→ WHAT THE TASK ASKS
Transcribe the listing exactly as written. Leave the images out.

→ PROVIDED MATERIAL
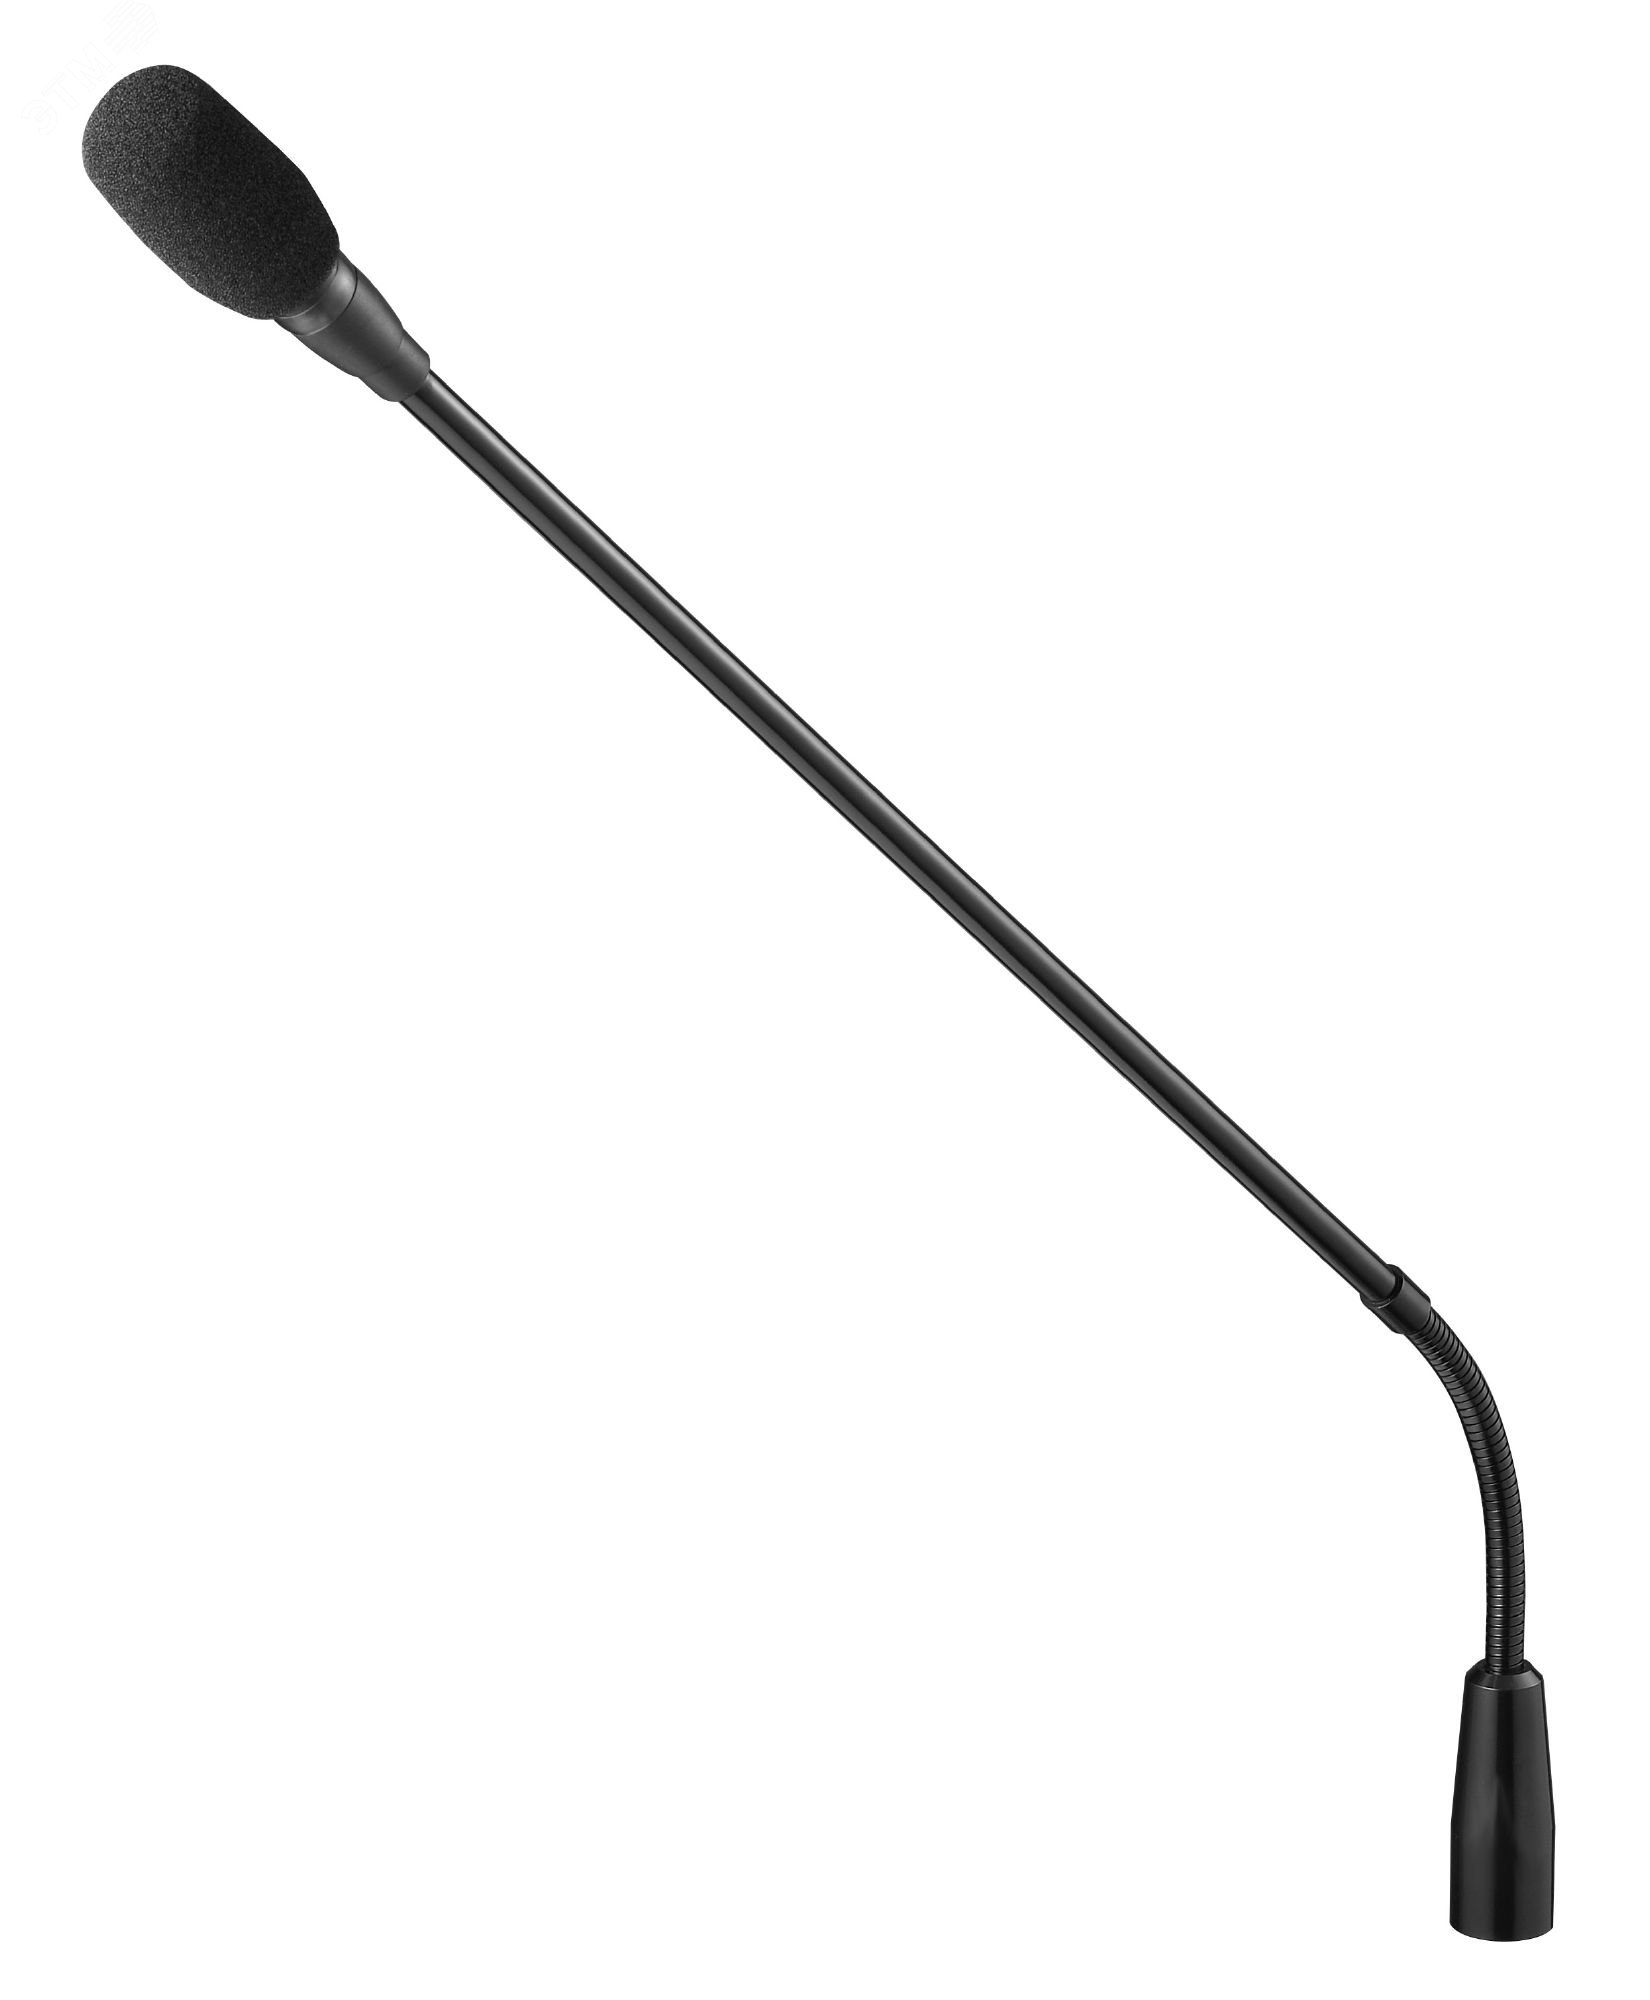 Микрофон на длинной гибкой стойке, 470 мм TS-904 TOA
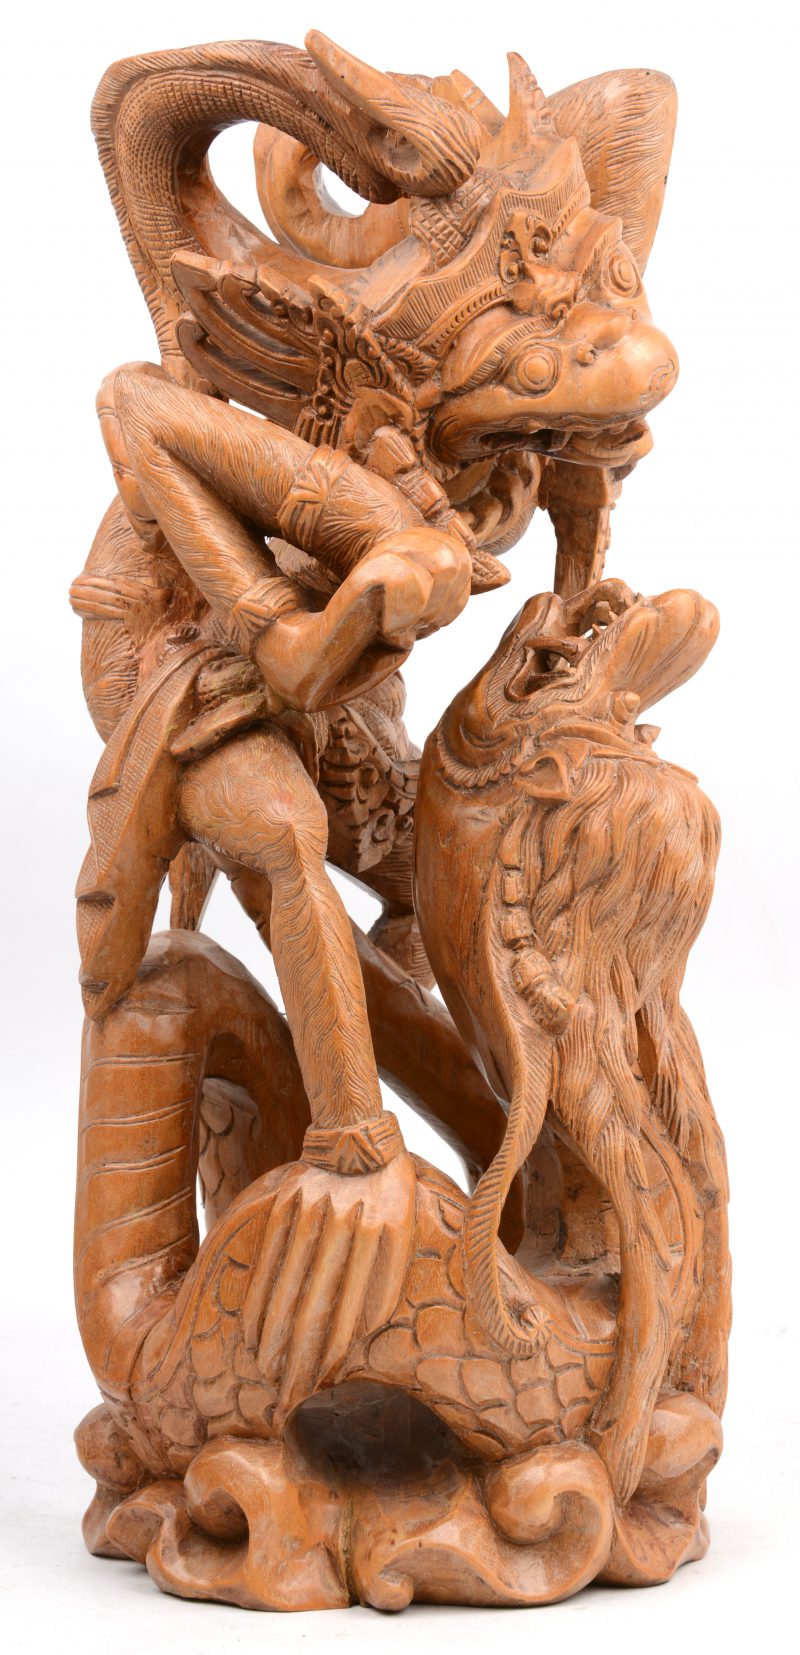 Een Garudabeeld van gesculpteerd hout. Zuid-Azië.
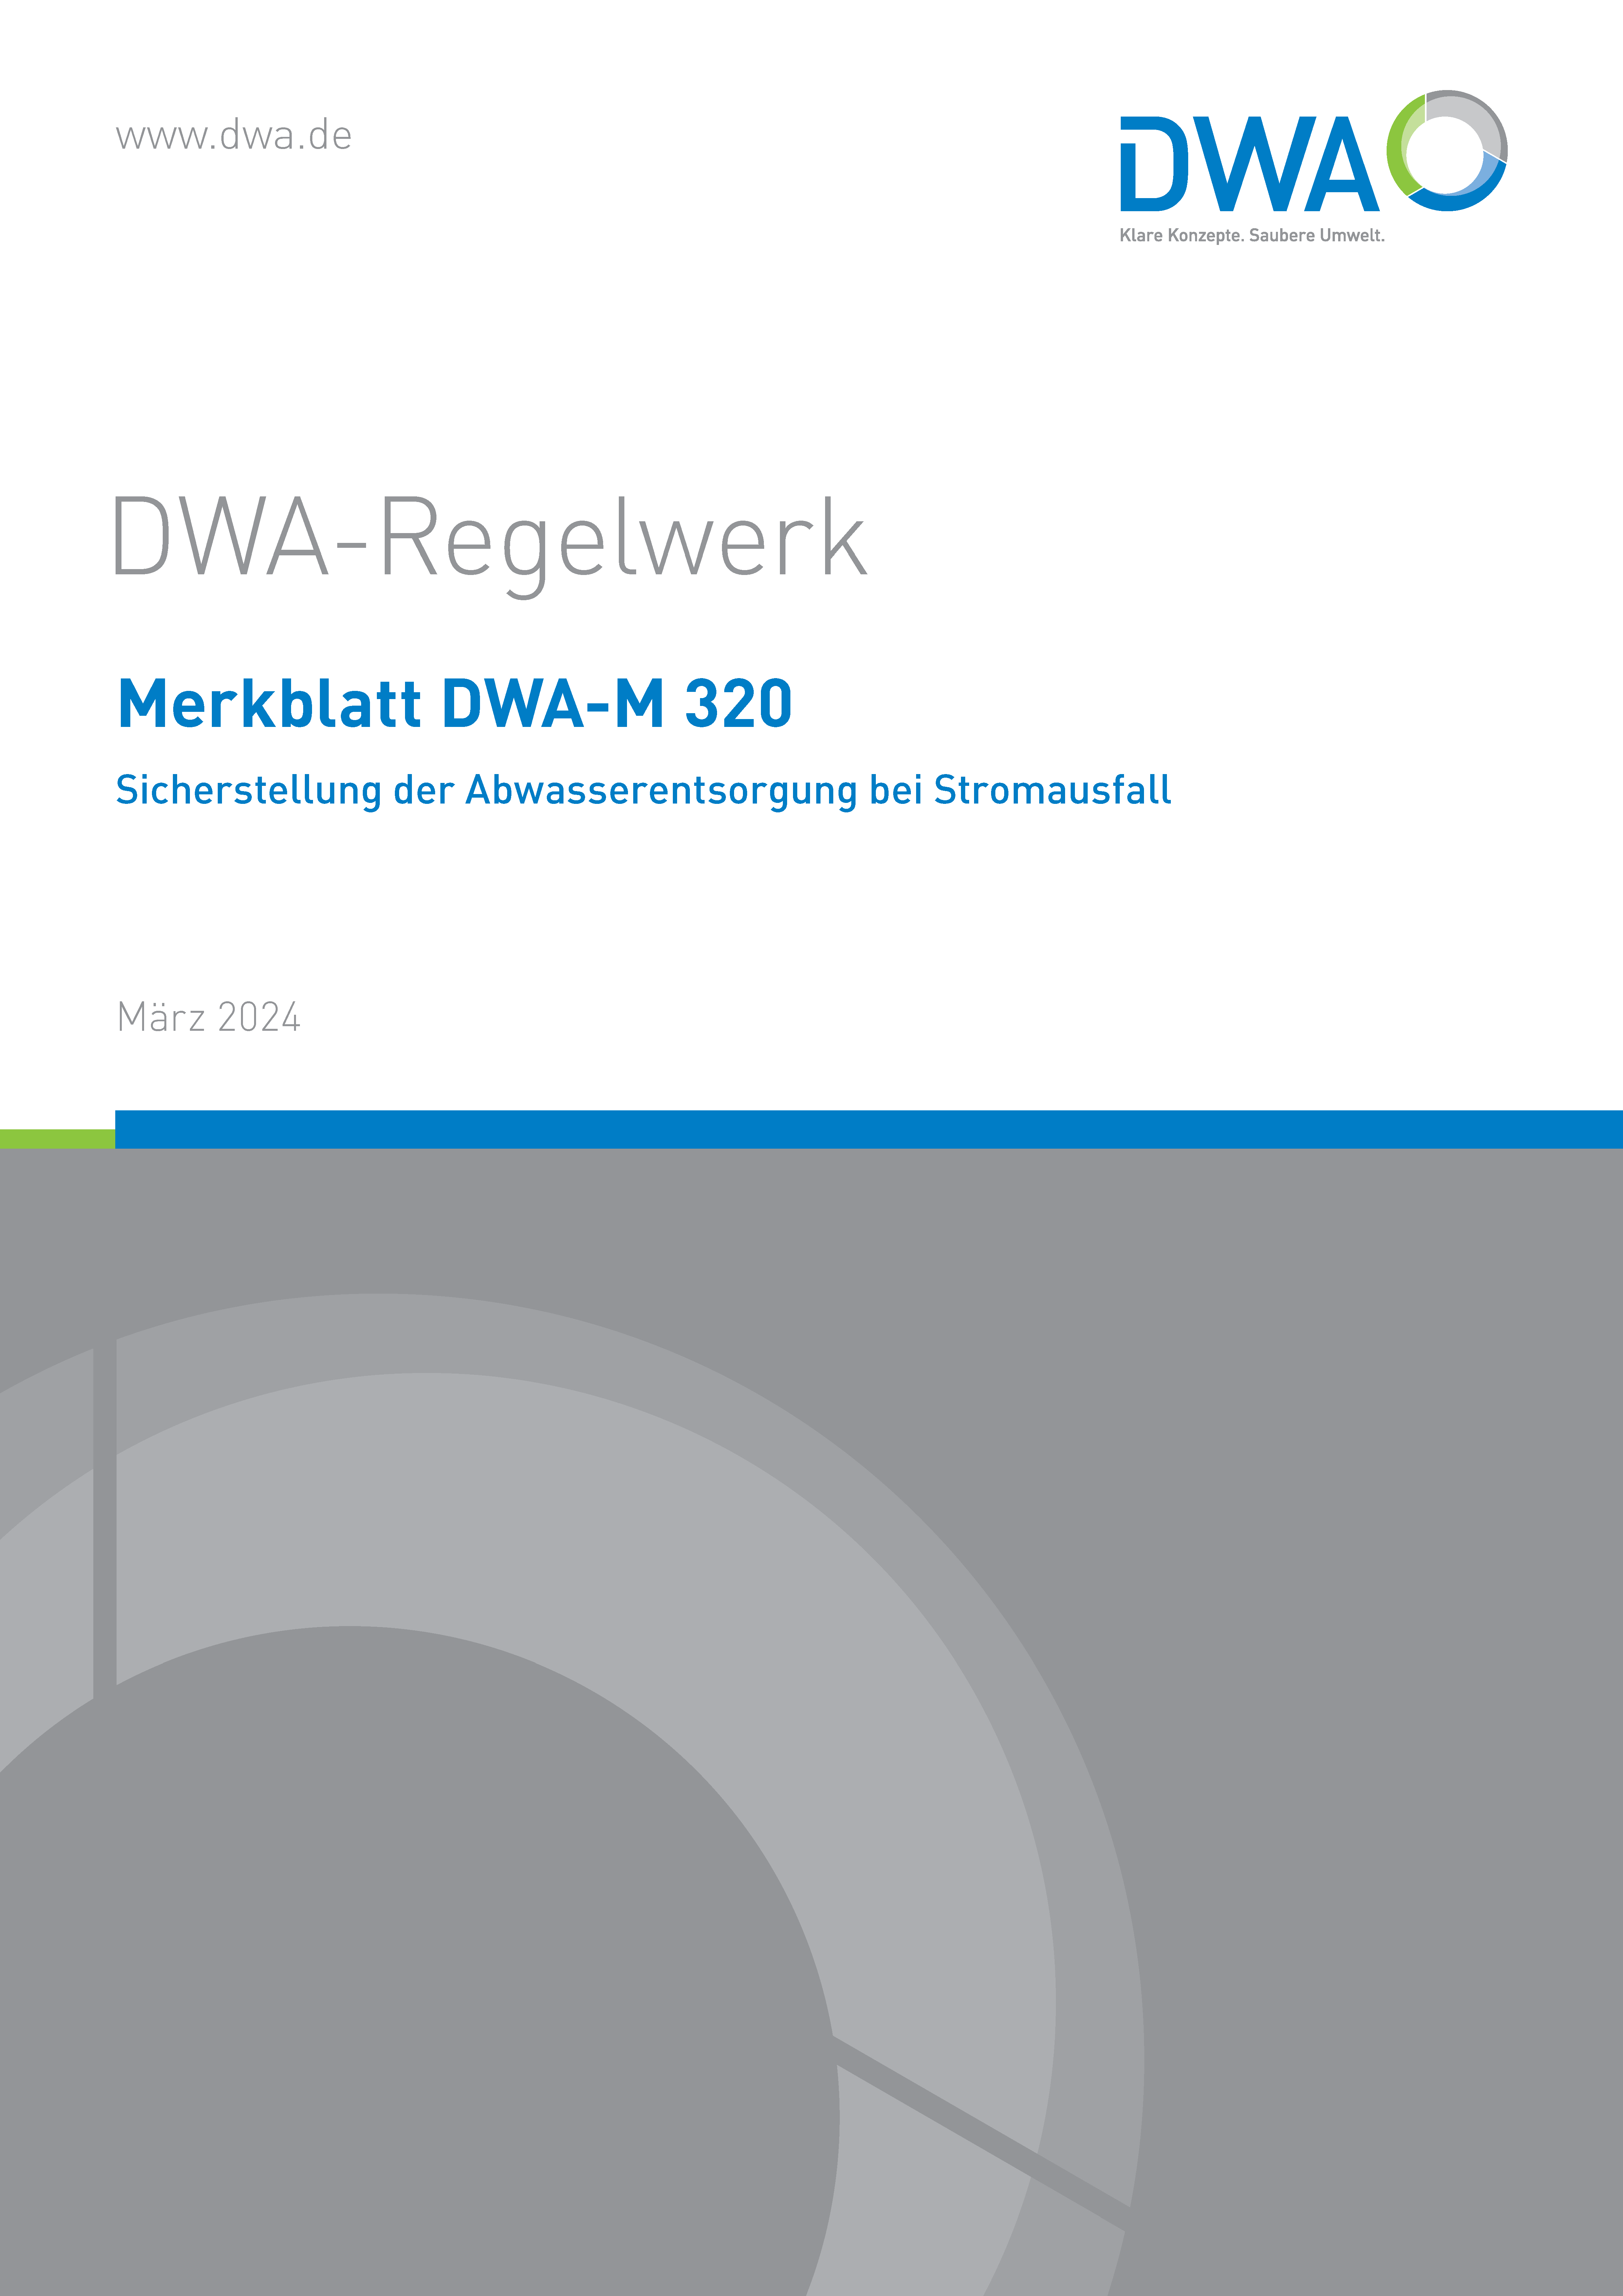 DWA-M 320 - Sicherstellung der Abwasserentsorgung bei Stromausfall - April 2024

→ ANSWER SPACE
 Микрофон на длинной гибкой стойке, 470 мм TS-904 TOA
 Een Garudabeeld van gesculpteerd hout. Zuid-Azië.
 DWA-M 320 - Sicherstellung der Abwasserentsorgung bei Stromausfall - April 2024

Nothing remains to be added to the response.